WALLACE: Well, let's talk a little about that. The big argument as you framed is it whether the Democratic bill will prevent more bail-outs as the Democrats claim or whether it will enable more bail- outs as you claim. Senator, isn't the $50 billion fund that you criticize -- and I must say, that was part of the "Washington Post" story, too. Isn't that intended to liquidate failing firms, not to prop them up?

MCCONNELL: Well on that issue as to whether or not it's a good idea to raise the money and stick that fund in there, the secretary of the Treasury, the president's own secretary of Treasury agrees with me. The "Washington Post," as I just indicated, agrees with me. It's better not to prefund, no matter how you fund it, whether it's a tax on banks or whatever it is, a fund that creates an expectation that it will be used. In addition to that --

WALLACE: What would it be used for? It would be used to liquidate, not to prop them up.

MCCONNELL: It would be used in the same way that we use the TARP funds back in 2008. And, you know, that is a bad idea. What we need to do is make it virtually, if not impossible, to be too big to fail. The way you do that is enhanced capital requirements.

WALLACE: Enhanced capital requirements is in the current bill.
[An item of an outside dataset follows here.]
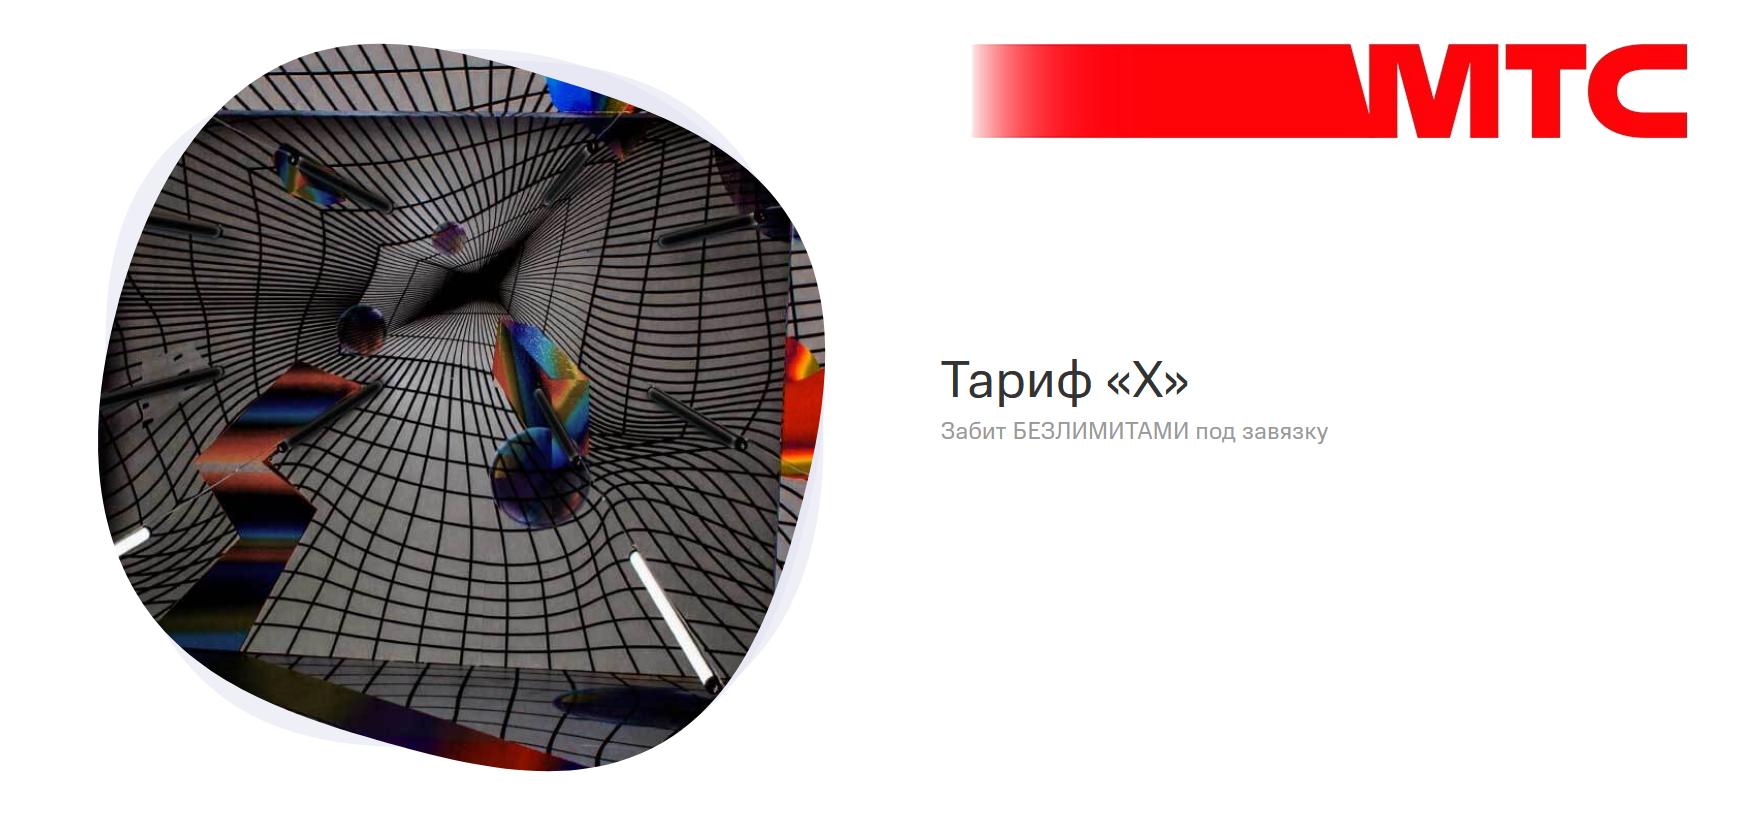 МТС обнулила трафик на Spotify на тарифе «X» 1
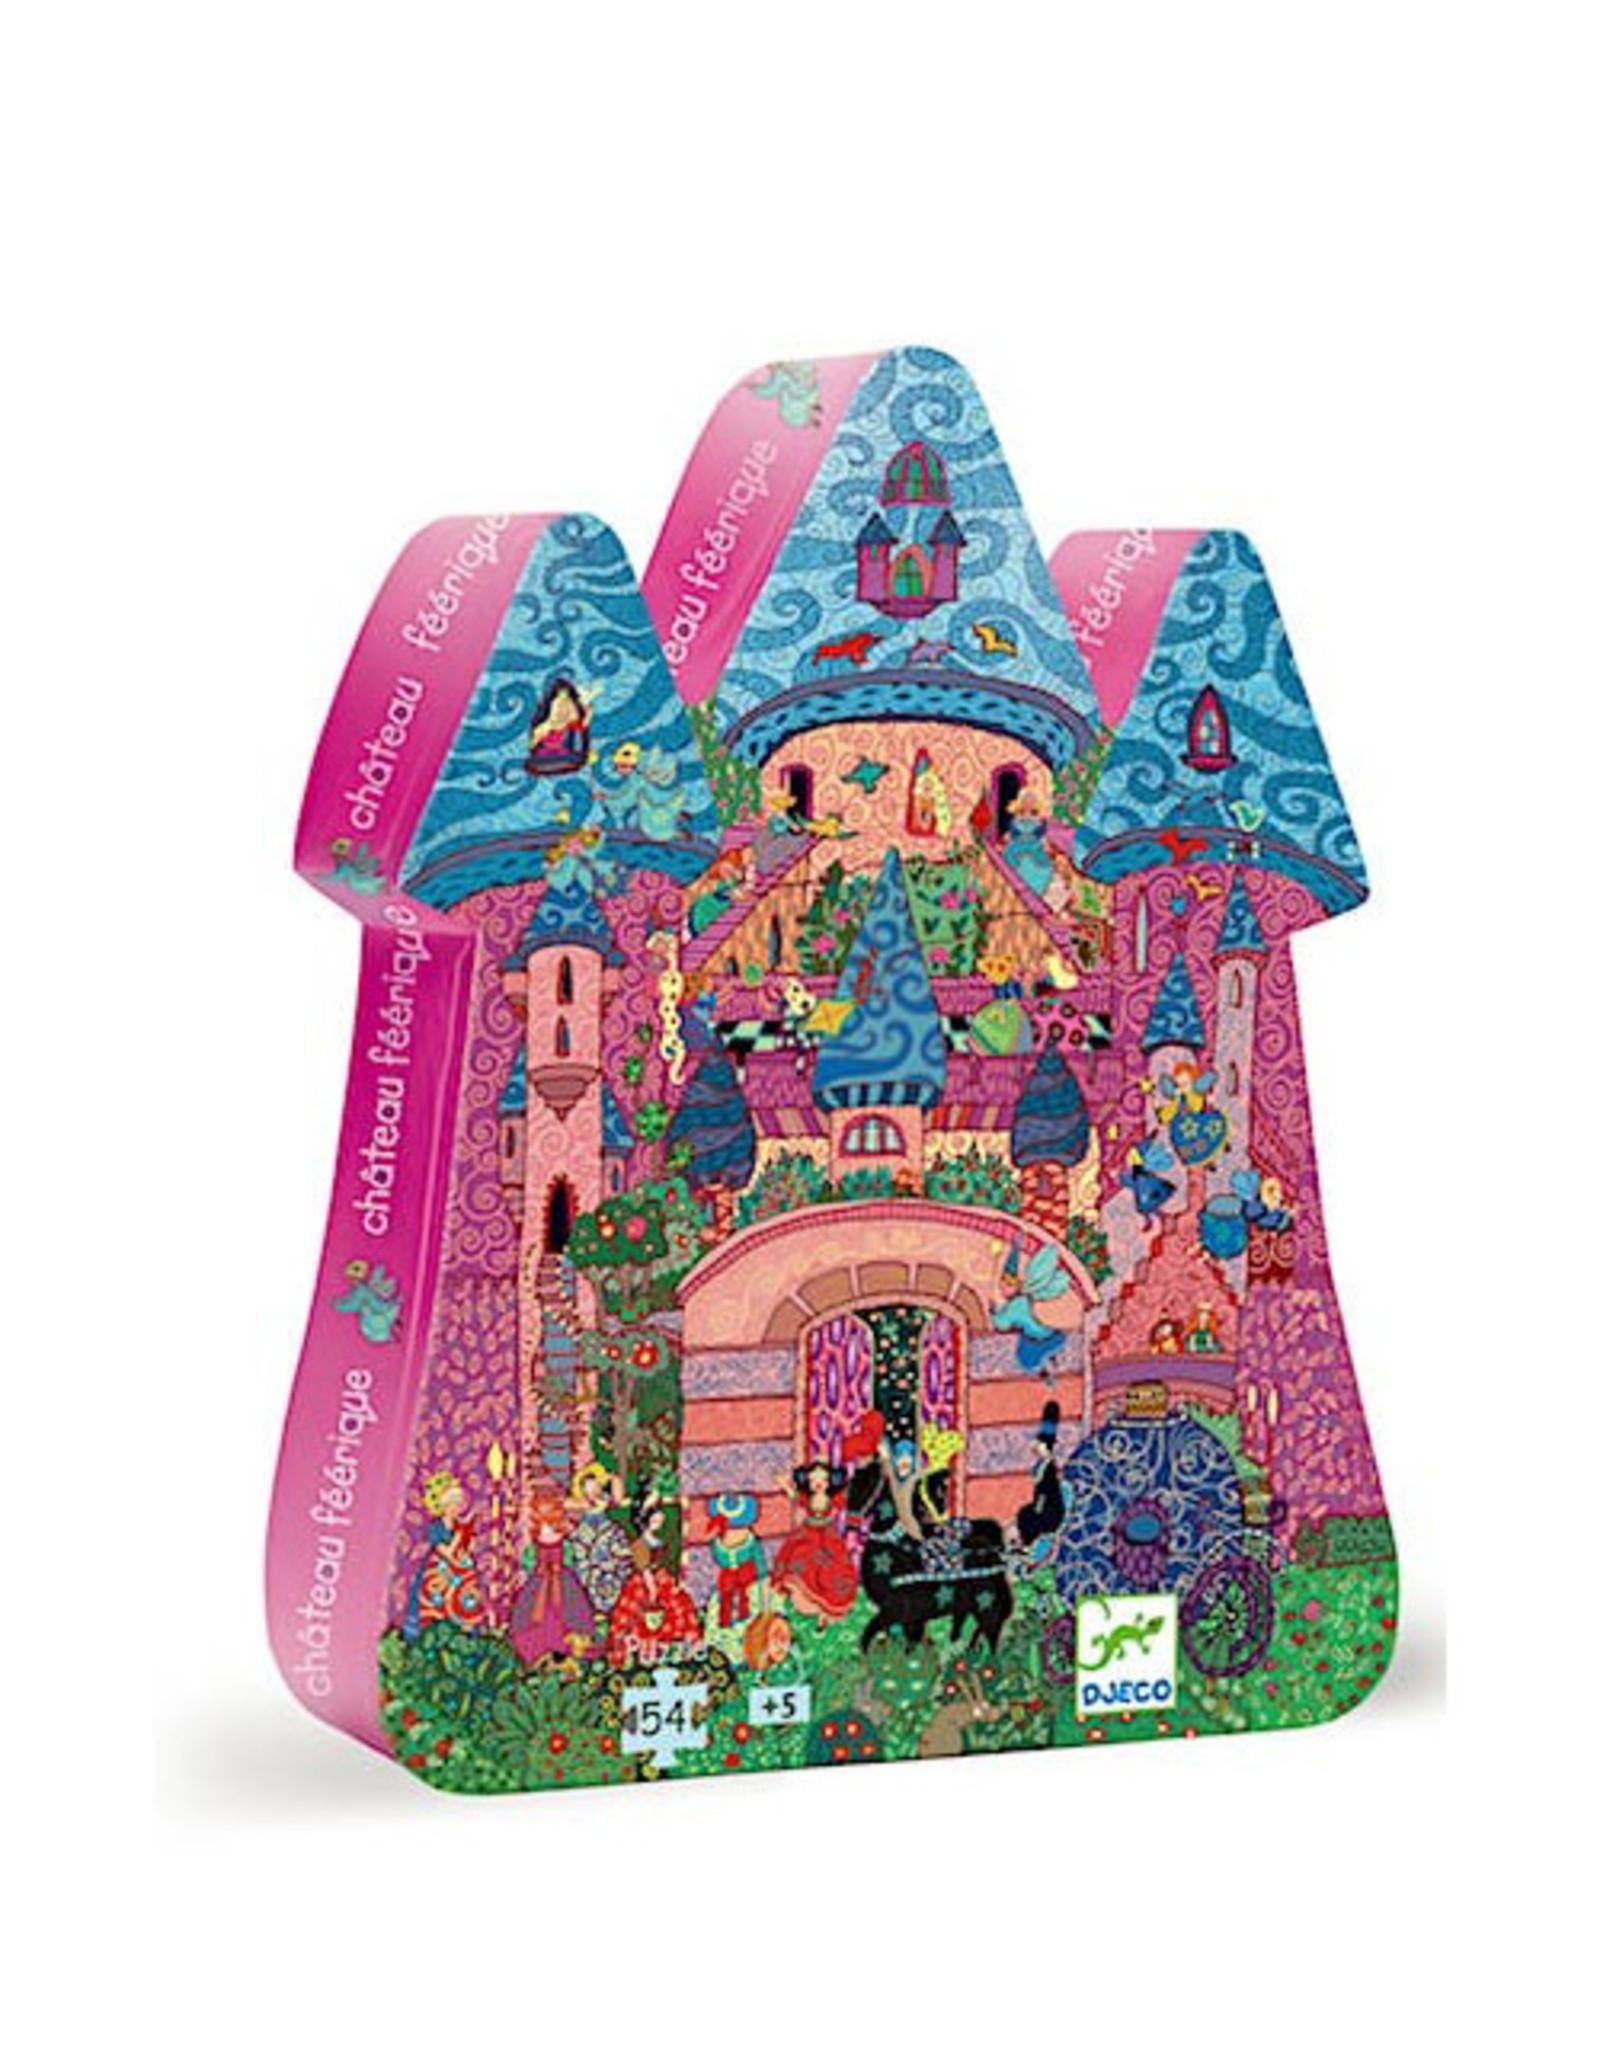 Djeco Silhouette The Fairy Castle

MCCONNELL: Not in the way that we would do it. And second, don't suggest to creditors that if you are a friend of the government, you're going to be treated better. We saw that in the General Motors deal. The government treated the unions better than it did the bondholders. We need to have creditors understand that they're likely to be treated very, very similarly to the way they would be in bankruptcy law in this country. That kind of stability, I think, is a better place to start in the Senate than this partisan Dodd bill that came out of committee without a single Republican vote.

WALLACE: And you are saying that until you get satisfaction on these issues, and it sounds like there are several issues, not just the $50 billion fund.

MCCONNELL: Yeah.

WALLACE: You're saying that until then you believe you have a solid Republican vote to keep the bill from getting to the Senate floor.

MCCONNELL: Yes, it's not ready yet. I mean, the Democrats over the weekend are arguing themselves over the derivatives portion of it, very complicated subject. The Democrats are not even in agreement on that. Chris, this is not a situation where anybody I know in the Senate wants no bill to pass. But it is important to pass a good bill.